In Belgium, after a judicial investigation since 1997, a trial against the organization was due to begin in 2008. Charges include formation of a criminal organization, the unlawful exercise of medicine, and fraud.
In the United Kingdom the church has been accused of "grooming" City of London Police officers with gifts worth thousands of pounds.
In Australia, Scientology has been temporarily banned in the 1960s in three out of six states; the use of the E-meter was similarly banned in Victoria. In Victoria, Scientology was investigated by the state government. In the conclusion to his report written as part of this investigation, Kevin Victor Anderson, Q.C. stated "Scientology is a delusional belief system, based on fiction and fallacies and propagated by falsehood and deception". The report was later overturned by the High Court of Australia, which compelled the states to recognize Scientology as a religion for purposes of payroll taxes, stating "Regardless of whether the members of  are gullible or misled or whether the practices of Scientology are harmful or objectionable, the evidence, in our view, establishes that Scientology must, for relevant purposes, be accepted as 'a religion' in Victoria."
In 2009, a Paris court found the French Church of Scientology guilty of organized fraud and imposed a fine of nearly . The prosecution had asked for the Church to be banned, but a recent change in legislation made this impossible. The case had been brought by two ex-members who said they had been pressured into spending large amounts of money on Scientology courses and other services. Commenting on the verdict, the plaintiffs' attorney said, "It's the first time in France that the entity of the Church of Scientology is condemned for fraud as an organized gang". A Scientology spokesperson likened the judgment to "an Inquisition for modern times" and said the Church would appeal.

Treatment of members

In 2007, a 25-year-old woman from Sydney was charged with murdering her father and sister and seriously injuring her mother. Her parents had prevented her from seeking the psychiatric treatment she needed because of their Scientology beliefs.

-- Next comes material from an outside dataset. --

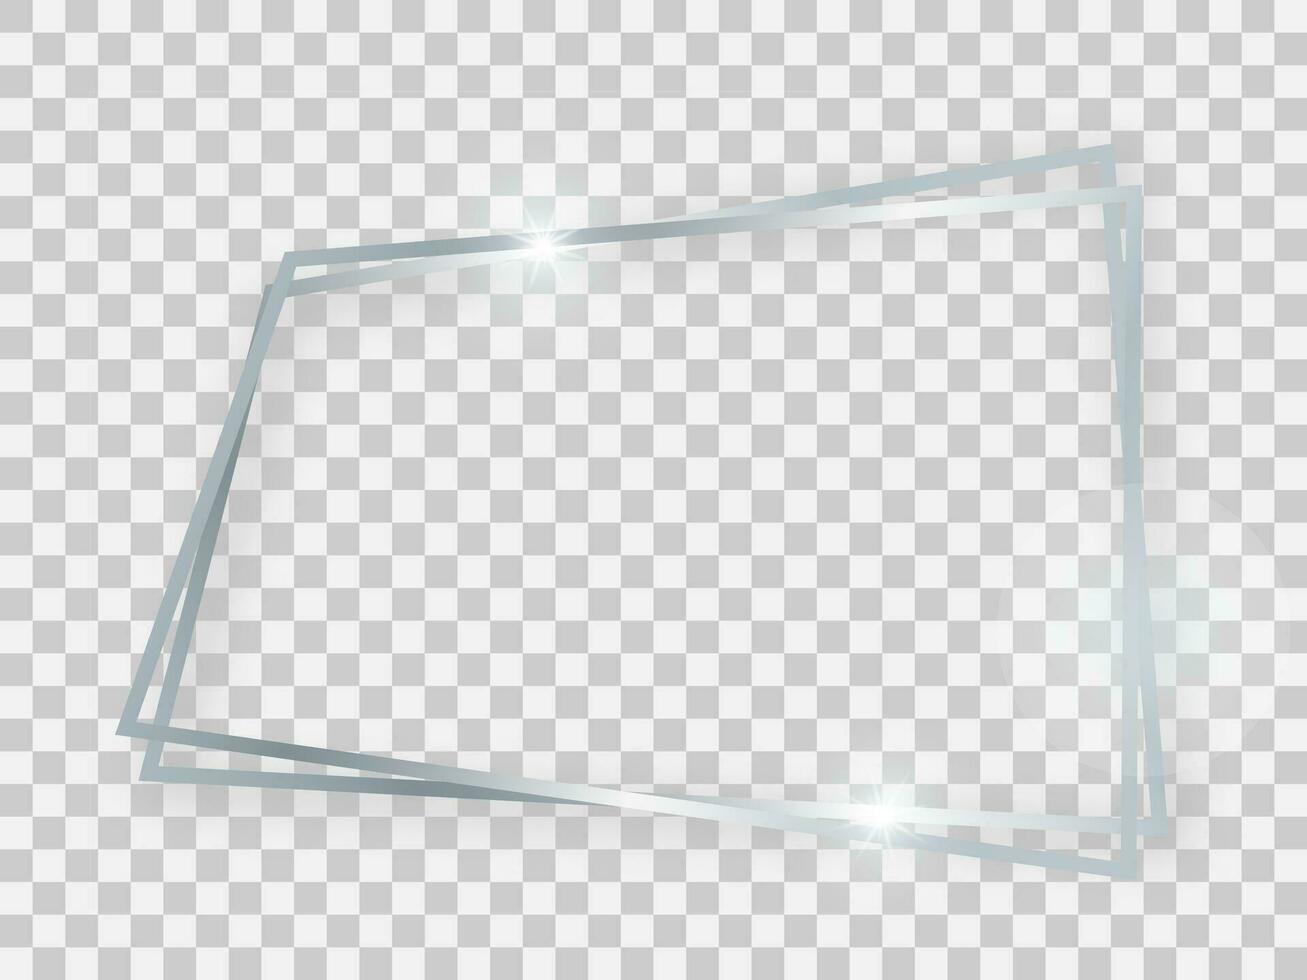 Double silver shiny trapezoid frame with glowing effects and shadows on background. Vector illustration

In 2012, Debbie Cook, who ran the "spiritual Mecca" for seventeen years, came forward and accused the church of repeated accounts of "screaming, slapping" and being "made to stand in a trash and water's poured over you" in efforts to confess her sins. This was all done in "The Hole", located at Scientology's International base in Hemet, California. She claims that she was taken there against her will and forced to stay for seven weeks. The church states that she "voluntarily" participated in their program of "religious discipline". Leah Remini: Scientology and the Aftermath is a 2016–2017 A&E documentary series that investigates abuses of the Church of Scientology by interviewing of former members.

Death of Lisa McPherson

The most widely publicized death of one of the organization's members was that of 36-year-old Lisa McPherson while in the care of Scientologists at the Scientology-owned Fort Harrison Hotel, in Clearwater, Florida, in 1995. McPherson, at the time, was displaying symptoms suggesting she was struggling with mental illness; in one case, she removed all of her clothes after being involved in a minor traffic accident, later remarking she had done so in hopes of obtaining counseling. The Church, however, intervened to prevent McPherson from receiving psychiatric treatment and to keep her in Church custody. Records show that she was then placed in a Scientology program, the Introspection Rundown, which was forced isolation used to handle a psychotic episode. Weeks later, she was pronounced dead on arrival at a hospital. The autopsy identified multiple hematomas (bruises), an abrasion on the nose, and lesions that were consistent with "insect/animal bites". An autopsy showed that she had died of a pulmonary embolism.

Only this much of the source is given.